Beginning with the line that holds "Skulls wallpaper with" in the data below, give again every line through the one that holds "2012 1 Oz Silver", exactly as written.

▶ _Information supplied_
[Start of Attachment]

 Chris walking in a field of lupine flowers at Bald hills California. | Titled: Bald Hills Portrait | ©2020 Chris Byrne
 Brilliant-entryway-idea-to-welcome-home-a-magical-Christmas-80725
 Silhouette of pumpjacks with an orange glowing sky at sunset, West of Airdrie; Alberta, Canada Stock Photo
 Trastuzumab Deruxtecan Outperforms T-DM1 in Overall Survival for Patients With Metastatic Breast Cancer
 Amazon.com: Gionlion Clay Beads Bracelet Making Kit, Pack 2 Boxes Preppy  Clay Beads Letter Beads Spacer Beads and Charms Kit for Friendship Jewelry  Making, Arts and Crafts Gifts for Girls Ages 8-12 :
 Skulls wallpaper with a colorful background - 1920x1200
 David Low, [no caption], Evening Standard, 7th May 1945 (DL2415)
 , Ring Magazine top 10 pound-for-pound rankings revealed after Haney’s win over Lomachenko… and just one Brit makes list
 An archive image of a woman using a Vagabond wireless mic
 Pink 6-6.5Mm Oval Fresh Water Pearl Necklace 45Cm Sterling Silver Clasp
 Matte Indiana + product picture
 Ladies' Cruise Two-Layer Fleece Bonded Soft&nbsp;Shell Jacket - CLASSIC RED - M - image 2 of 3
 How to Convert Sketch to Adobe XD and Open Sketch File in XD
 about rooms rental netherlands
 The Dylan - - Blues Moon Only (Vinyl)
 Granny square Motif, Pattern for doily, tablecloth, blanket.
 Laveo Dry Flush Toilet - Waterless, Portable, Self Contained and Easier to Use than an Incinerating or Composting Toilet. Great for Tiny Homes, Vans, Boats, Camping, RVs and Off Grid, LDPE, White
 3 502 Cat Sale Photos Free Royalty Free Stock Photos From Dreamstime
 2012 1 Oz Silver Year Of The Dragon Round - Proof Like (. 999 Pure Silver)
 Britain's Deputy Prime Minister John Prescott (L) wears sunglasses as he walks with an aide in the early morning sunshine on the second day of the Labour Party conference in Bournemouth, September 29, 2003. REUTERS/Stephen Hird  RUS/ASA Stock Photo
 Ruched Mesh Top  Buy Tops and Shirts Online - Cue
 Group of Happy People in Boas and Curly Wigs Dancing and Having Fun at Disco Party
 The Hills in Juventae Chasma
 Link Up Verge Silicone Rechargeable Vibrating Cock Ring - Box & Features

[End of Attachment]

▶ _Answer section_
 Skulls wallpaper with a colorful background - 1920x1200
 David Low, [no caption], Evening Standard, 7th May 1945 (DL2415)
 , Ring Magazine top 10 pound-for-pound rankings revealed after Haney’s win over Lomachenko… and just one Brit makes list
 An archive image of a woman using a Vagabond wireless mic
 Pink 6-6.5Mm Oval Fresh Water Pearl Necklace 45Cm Sterling Silver Clasp
 Matte Indiana + product picture
 Ladies' Cruise Two-Layer Fleece Bonded Soft&nbsp;Shell Jacket - CLASSIC RED - M - image 2 of 3
 How to Convert Sketch to Adobe XD and Open Sketch File in XD
 about rooms rental netherlands
 The Dylan - - Blues Moon Only (Vinyl)
 Granny square Motif, Pattern for doily, tablecloth, blanket.
 Laveo Dry Flush Toilet - Waterless, Portable, Self Contained and Easier to Use than an Incinerating or Composting Toilet. Great for Tiny Homes, Vans, Boats, Camping, RVs and Off Grid, LDPE, White
 3 502 Cat Sale Photos Free Royalty Free Stock Photos From Dreamstime
 2012 1 Oz Silver Year Of The Dragon Round - Proof Like (. 999 Pure Silver)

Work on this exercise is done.